#### WORK ORDER
Reproduce the lines below exactly. Skip images.

#### DATA BELOW
--- START ---

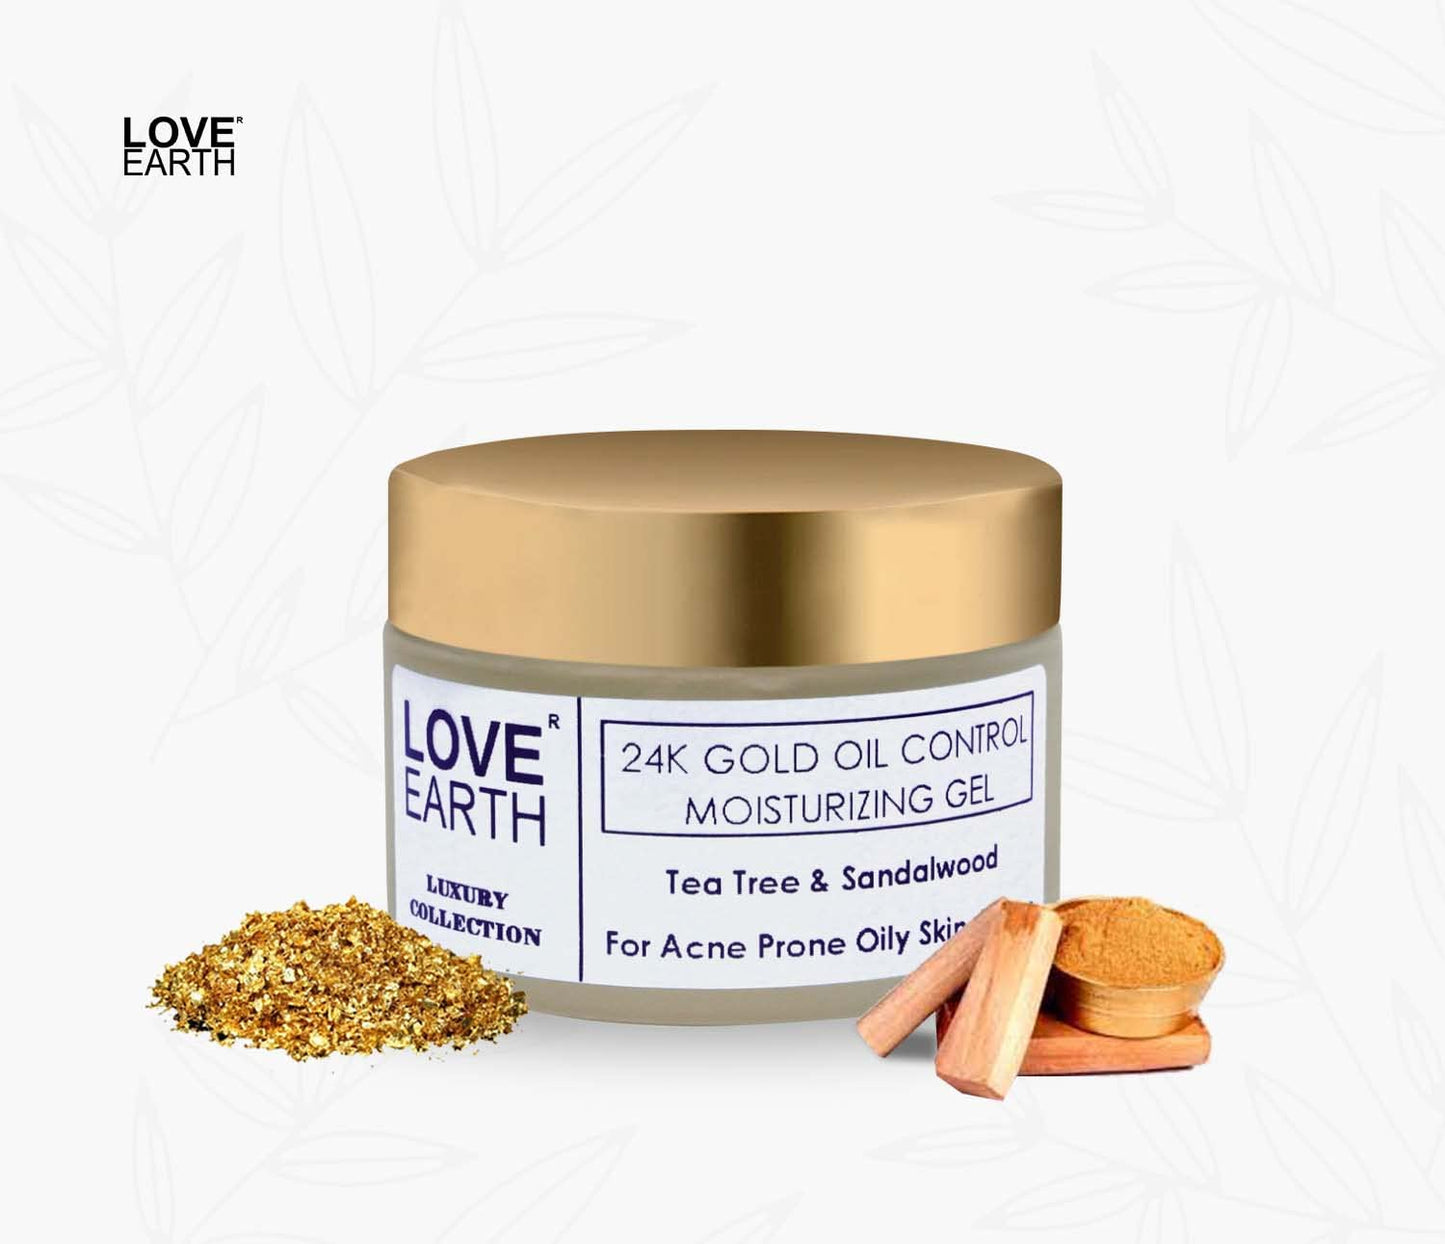 Love Earth 24K Gold Oil Control Moisturizing Gel With Aloe Vera & Sandalwood Extract
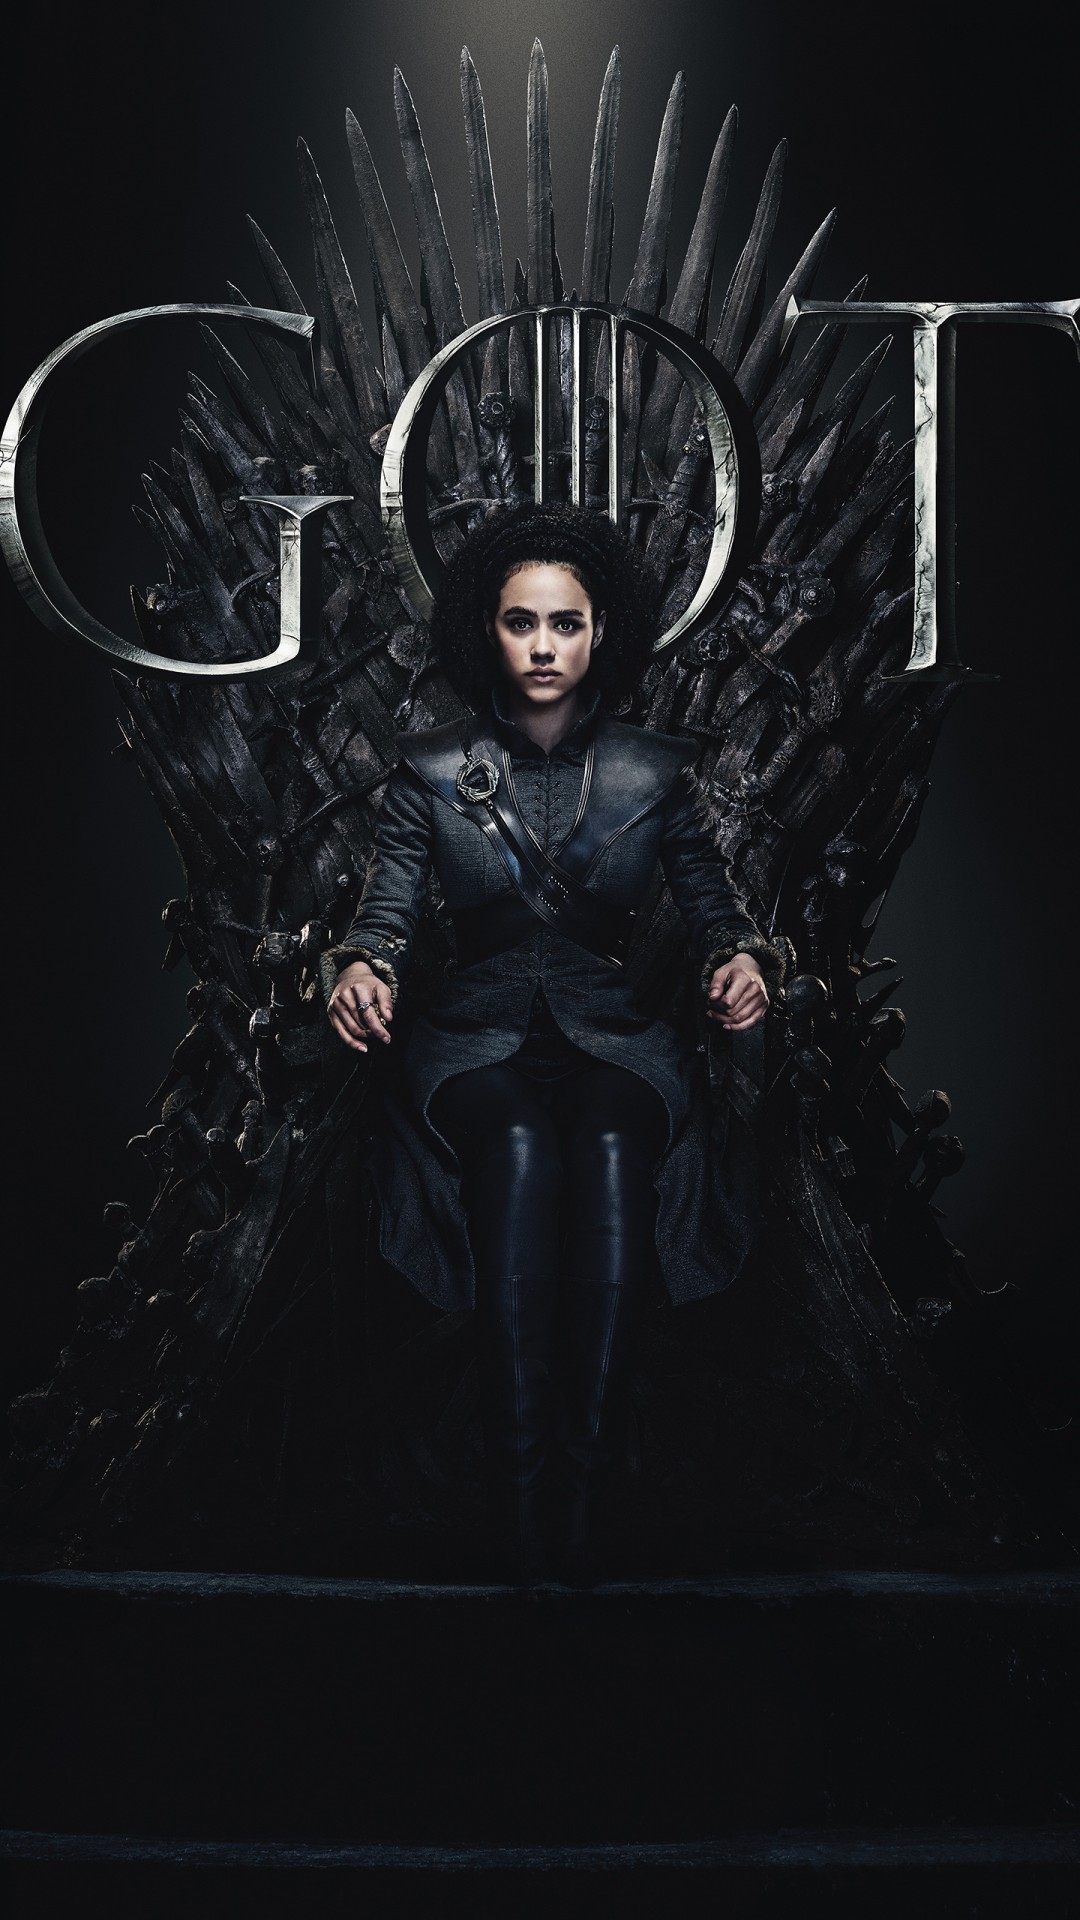 game of thrones season 6 wallpaper,darkness,fashion,album cover,chair,gothic fashion
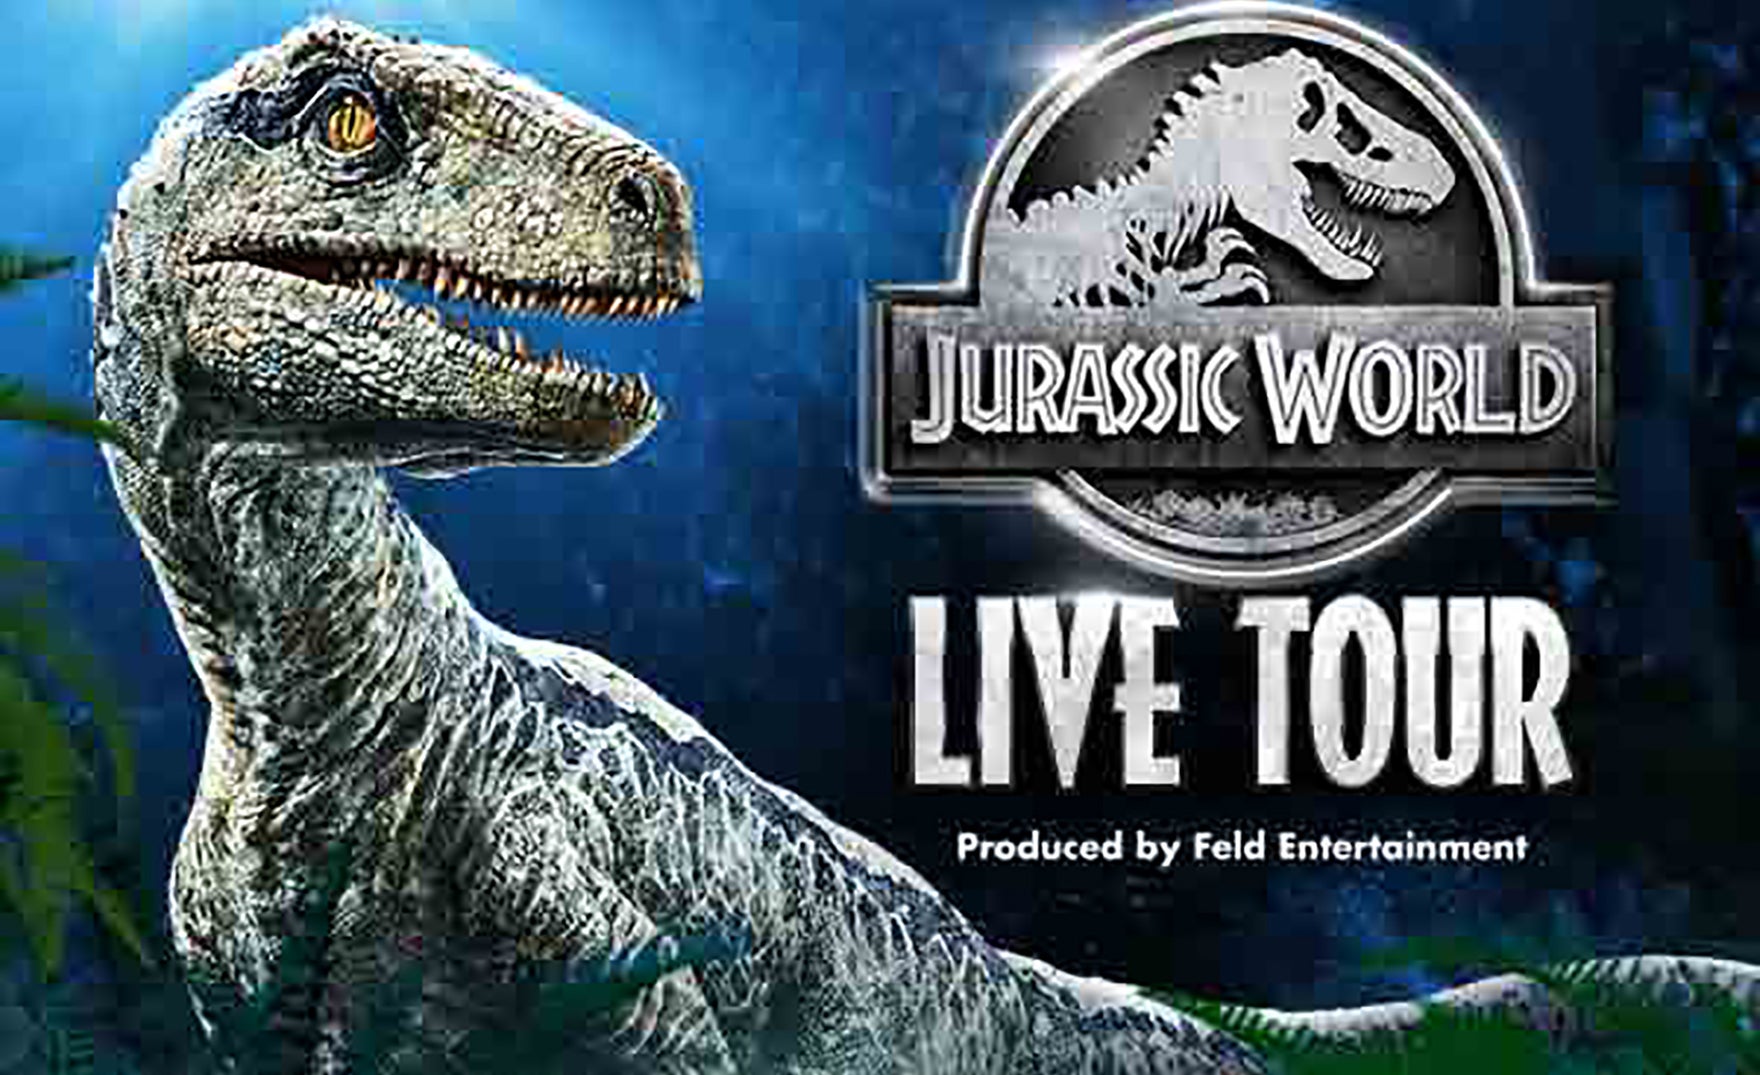 Jurassic World Live

--- END ---

#### ANSWER BELOW
 Love Earth 24K Gold Oil Control Moisturizing Gel With Aloe Vera & Sandalwood Extract
 game of thrones season 6 wallpaper,darkness,fashion,album cover,chair,gothic fashion
 Jurassic World Live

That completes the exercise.